Edit: found a link to the IETF discussion about this:
It admits in plain sight that the only thing they care about with HTTP 2.0 is solving Google's massive-scale issues at the cost of everyone else:
> I finally admitted it was a dead end. At the moment the
challenges consist in feeding requests as fast as possible over high latency connections and processing them as fast as possible on load balancers
A good, open, self-documenting protocol didn't suit Google, so let's throw it away. It's a "dead end", after all.
I really disliked the following part: A client MAY immediately send HTTP/2.0 frames to a server that is known to support HTTP/2.0, after the connection header. [..] Prior support for HTTP/2.0 is not a strong signal that a given server will support HTTP/2.0 for future connections. (Section 3.4)

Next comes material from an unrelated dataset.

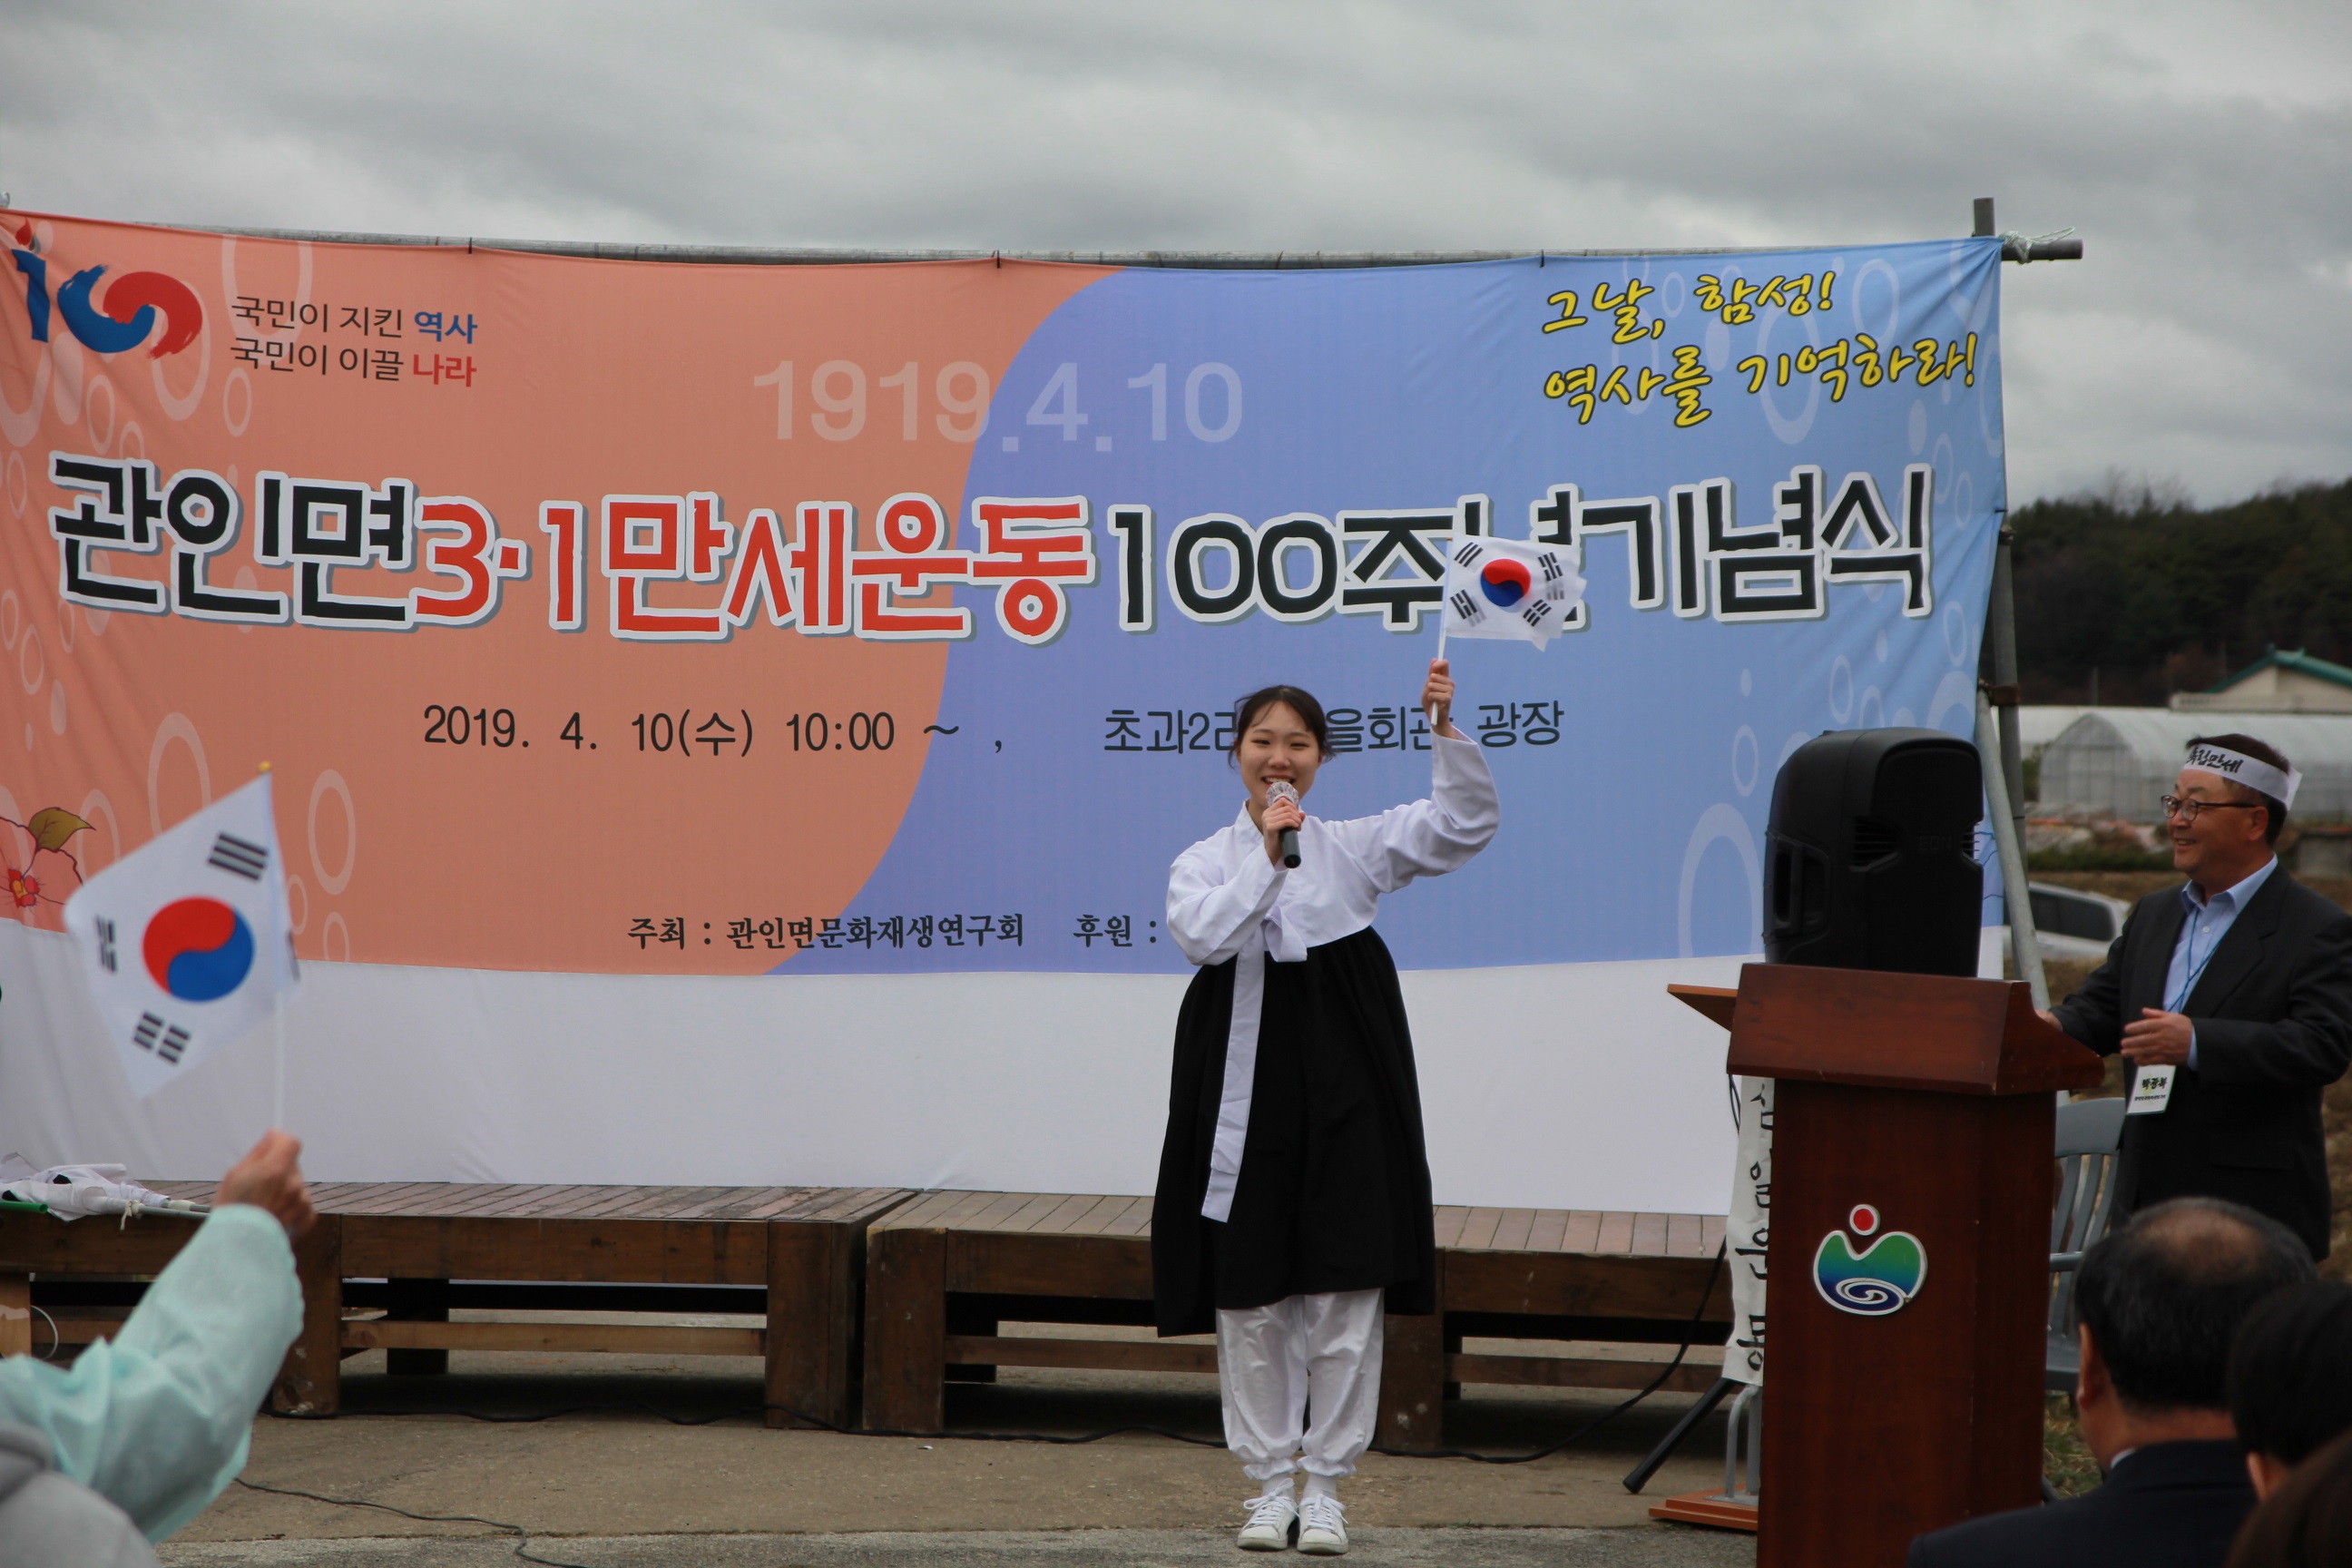 [일반] [4/10] 민관군 평화기원 3.1만세 운동 100주년 기념 행사의 첨부이미지 2
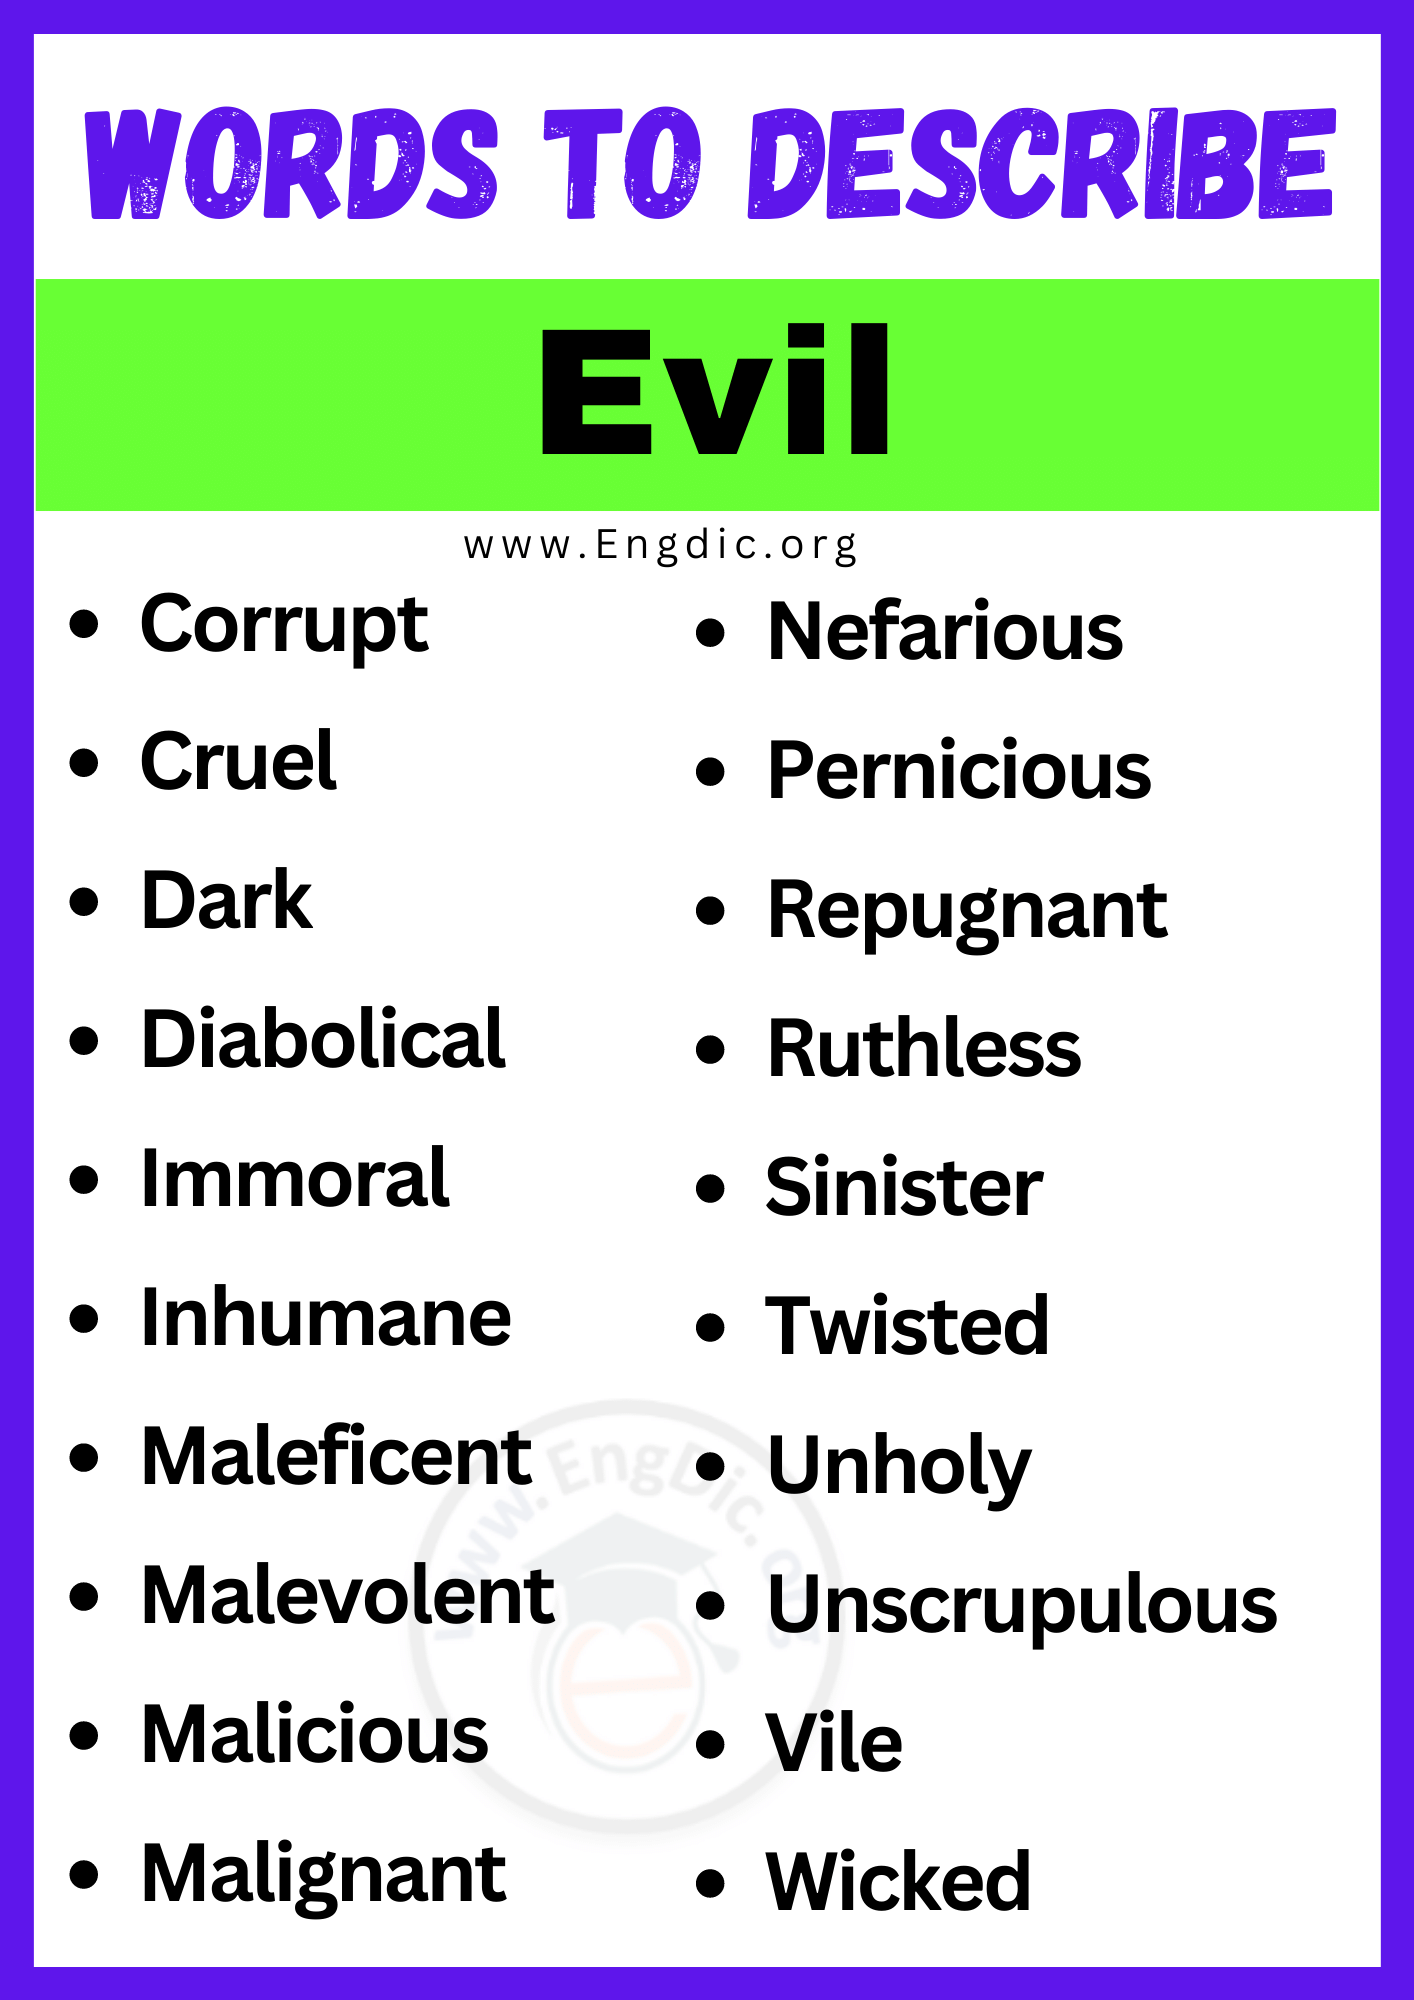 Words to Describe Evil

That means, whenever you open a new TCP connection to a http2 server, you must start with HTTP/1.1 and perform the Upgrade negotiation anew.
Making the spec require HTTP2 support on all servers of a cluster if at least one server supports it would have been much better, performance-wise. The only reason I see why they kept it is transparent proxies (if your browser is using an explicit proxy, it should be able to figure out if the proxy supports HTTP2).
Yes, but storing "supports HTTP2" for a given server for a given time after connecting to that server and negotiating the upgrade would also do the job.
One of the problems with HTTP 1.x is that it is stateless - every time you want something from a server, you treat it as if it is the first time you talk to it. I understand this is by design, but as a consequence we are transmitting all the same headers to the server all the time... which can be mitigated with HTTP2, except that we still need to do that (send all headers) and the HTTP2 upgrade, every time we open a new TCP socket to that server.
Hmm... I have a few scripts that do something like:
header($_SERVER['SERVER_PROTOCOL'] . ' 400 Bad Request');
Since I'm using SERVER_PROTOCOL, if I upgraded Nginx and it started to send HTTP/2.0 traffic to the server, would I need to rewrite this line? How would I send a specific status code using the new binary protocol?
A Microsoft employee is the editor on this document.
Also, how is binary protocol used to "reduce transparency" ? Its simply a different way of encoding, and once this takes off there will be a vast set of tools for analyzing http/2.0. The purpose of binary is to reduce data transmitted.
It's a rhetorical question. None of the leaks provide any evidence that Google actively cooperates with the NSA in any way. No evidence of equipment at Google data centers, no evidence of any kind of remote access for the NSA, other than the already existing legal channels.
The claim that Google had foreknowledge of PRISM, or worked with the NSA to build some kind of firehose for them is unsupportable given what we know, and is pure speculation on your part.
Thus, the claim of close cooperation with the NSA is frankly, ad hominem.
If we really want to get into the FYIs here, PRISM is not some network intrusion tool designed to siphon data away form large companies, it's just a stupid database where governmental agencies can throw their data obtained by either NSA letters, or a standard bench warrant.
Much like IAFIS is a standard database operated by the FBI.